Most of the research and work at the laboratory is centered on developing additives for water-intensive industries such as the paper industry. Situated in Nanjing's chemical industrial park, it is just one of the many research institutions that is working on cutting-edge technologies for paper and pulp manufacturing industries.
Research findings from the Nanjing laboratory have already made a big difference to the Helsinki, Finland-based Kemira Oyj, the world's largest paper chemicals maker. According to company officials, the new findings have helped Kemira boost annual output by 100,000 metric tons, especially at a time when most of its peers are downsizing production.

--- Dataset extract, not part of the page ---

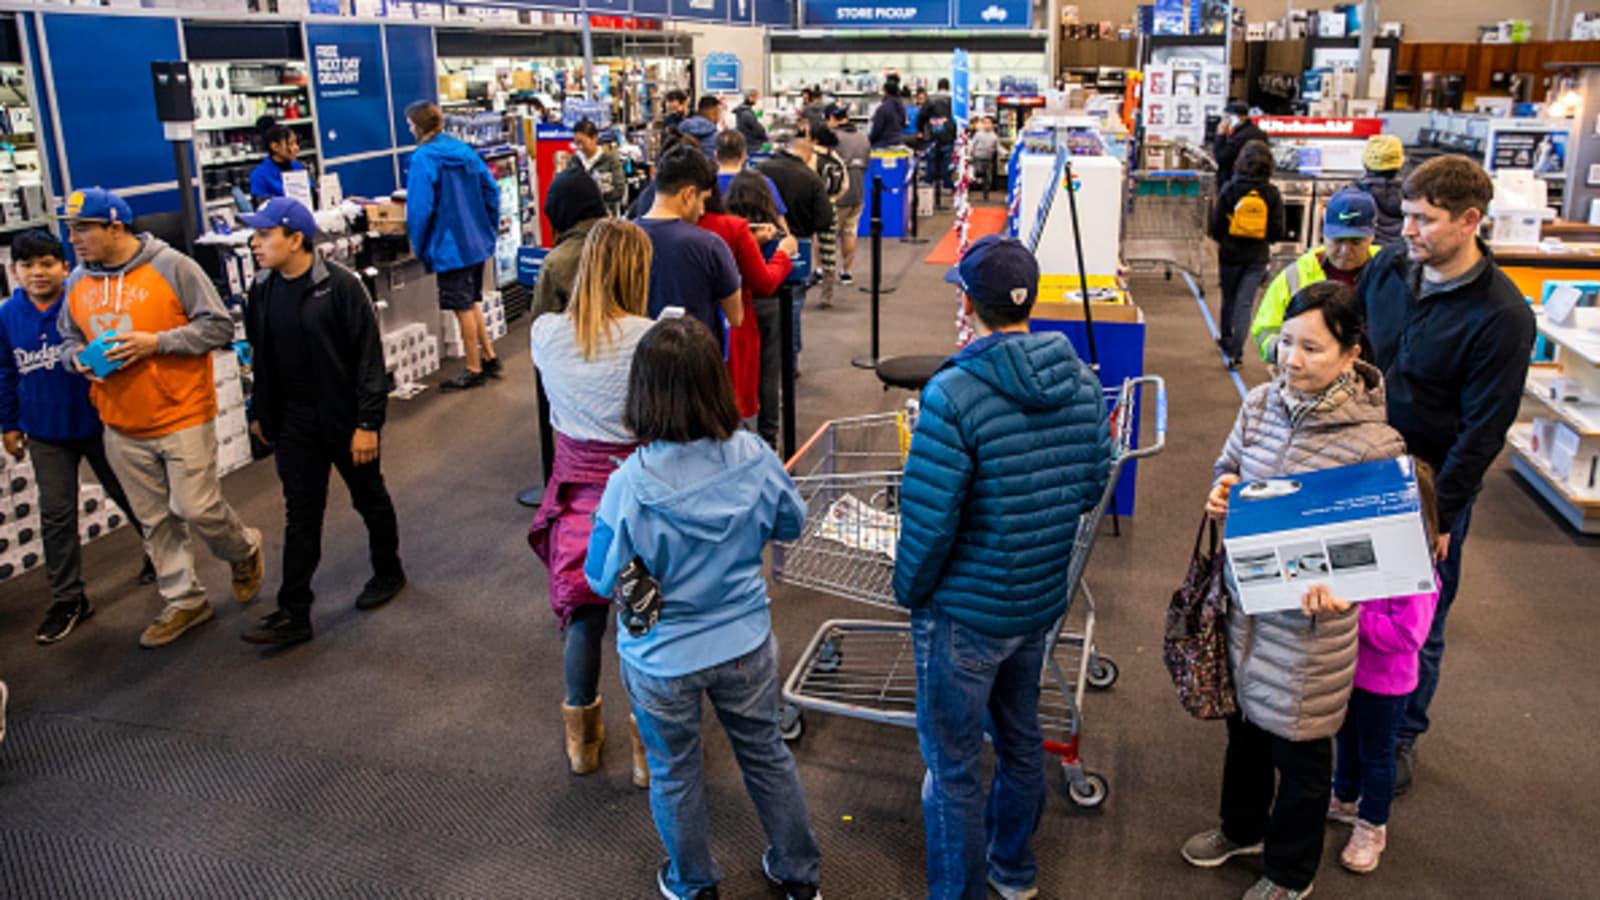 Black Friday Shopping At Brick And Mortar Stores Dropped By 6

Jari Rosendal, president and CEO of Kemira, told China Daily that though the global paper industry has shrunk in size due to less use of printing and writing paper, it is on the upswing in China due to rising demand from e-commerce companies.
"You have no idea of how much it (China) means to the packaging industry," he said. "On days when people go on an online shopping spree, billions of cardboard boxes are consumed."
While online shopping is just one part of the growing demand in China, the other centers on the growing use of paper tissue products. Demand has risen for paper tissue products ranging from basic sanitary paper to niche products like waterproof kitchen paper towels and recyclable tissues, said industry experts.
China has tripled its paper production capacity in the last 10 years, and in 2009 zoomed past the United States as the world's biggest papermaker. The size of the industry can be gauged from the fact that China's three weeks of paper output now equals the entire annual output of Wisconsin, the top papermaking state in the US.
Rosendal said that along with economic growth, China's demand for paper and pulp products has grown quickly in the past decade, but the market is not growing as fast as in the past, as people are going online for news and information, thereby using less printing paper.